The natural frequency vibration caused by the short-time pulse impact emitted when the bearing is impacted by local faults can be measured by a sensor and is represented as sine vibration which is attenuated exponentially, the larger the natural frequency and the attenuation exponent are, the shorter the vibration existing time is, and the high-frequency vibration is caused by the impact generated by each fault.

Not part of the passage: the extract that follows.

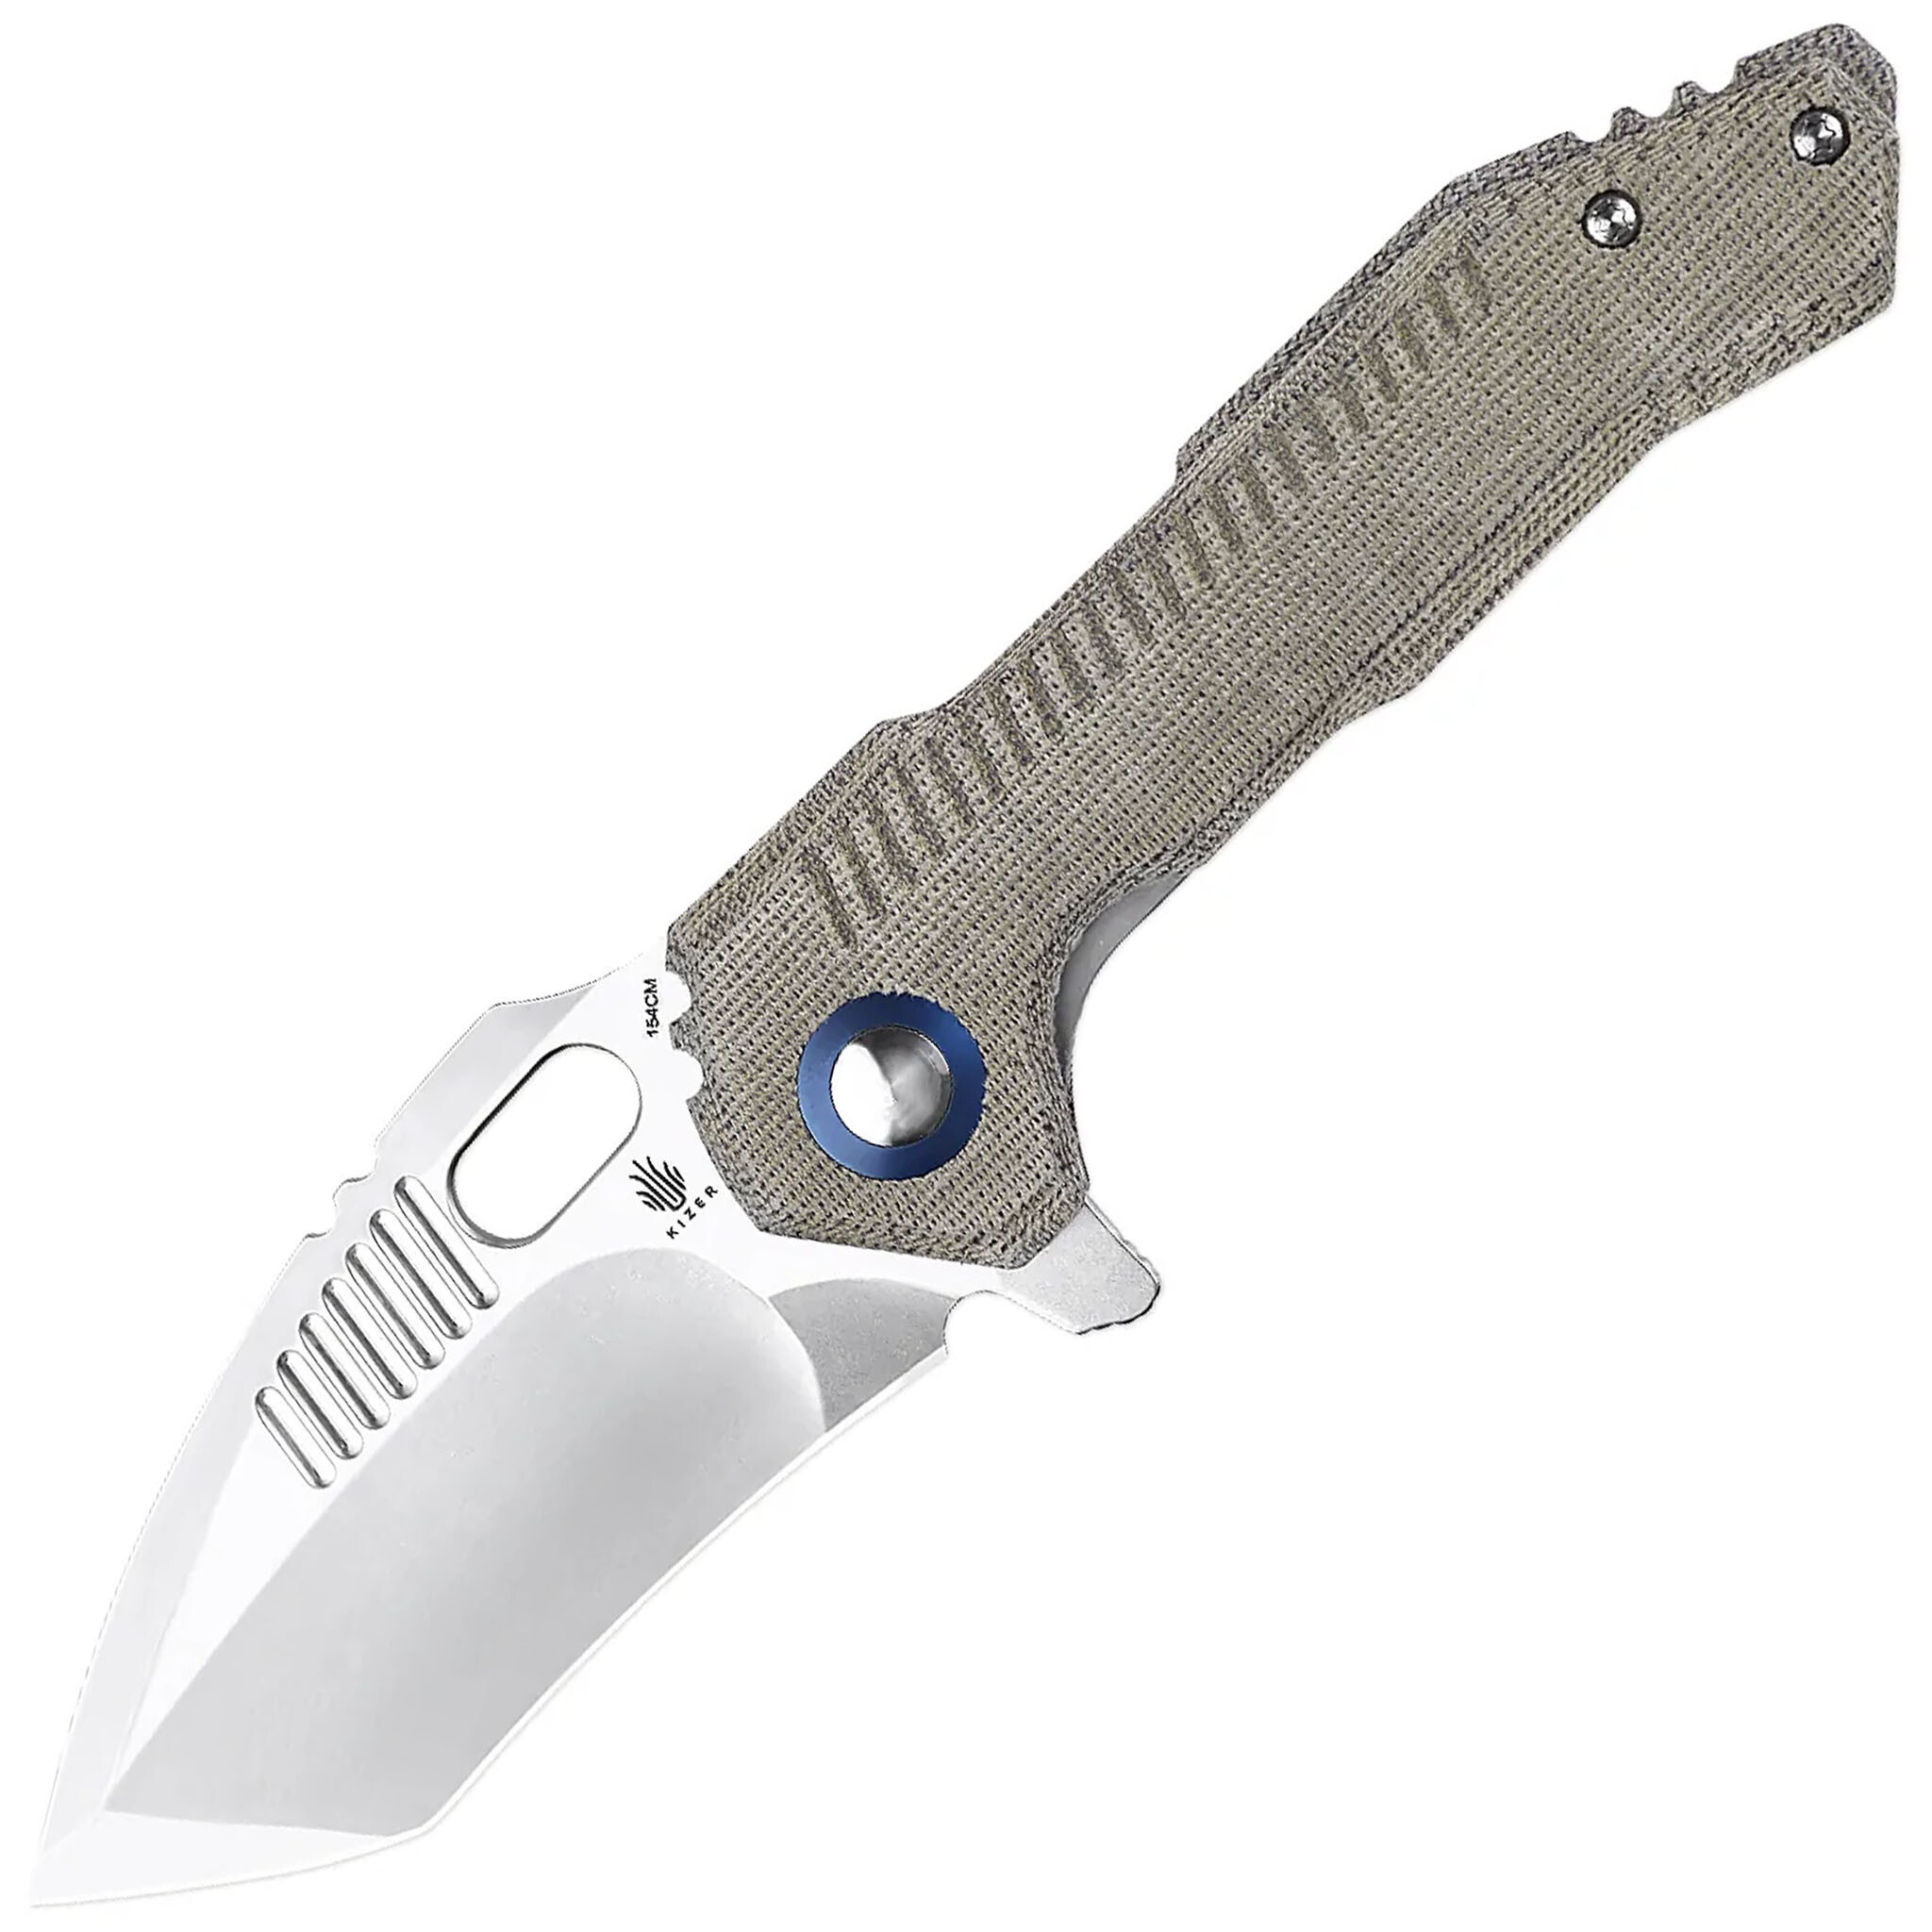 Складной нож Kizer Mini Paragon Satin, сталь 154CM, рукоять микарта полуавтоматический складной нож ontario utilitac assisted клинок satin рукоять g 10

The convolutional neural network learning module is composed of an input layer, a convolutional layer, a pooling layer, a full-connection layer and an output layer, back propagation of the convolutional neural network learning module is a key step of neural network parameter optimization, each weight parameter and bias parameter are updated according to an optimization algorithm after the bias derivation is carried out on an objective function, weight optimization updating is carried out by the optimization algorithm after the back propagation is carried out, for a computer, the convolutional layer is a matrix (the pixel value is between 0 and 255) which is composed of pixel values, and the maximum and minimum normalization processing is usually carried out before the convolutional layer is input into a neural network. The convolution layer is to perform convolution operation on an input image pixel value matrix, and aims to extract features from an image and output a feature map, for a network with multiple layers of convolution layers, a subsequent convolution layer is to continue convolution on a feature map obtained from a previous layer to extract deeper features, the convolution layer is composed of a series of convolution kernels (or filters), the typical convolution kernels have 3 × 3, 5 × 5 convolution kernels and the like, the sizes of the convolution kernels except the length and the width also have depth or called channel number, the depth or the called channel number is equal to the input channel number, the larger the length and the width of the convolution kernels is, the larger an image area covered by a single convolution operation is, the convolution operation retains the spatial relationship among pixels, the size and the dimension of each convolution kernel in one convolution layer are consistent, and the number of the convolution kernels determines the channel number of the output feature map.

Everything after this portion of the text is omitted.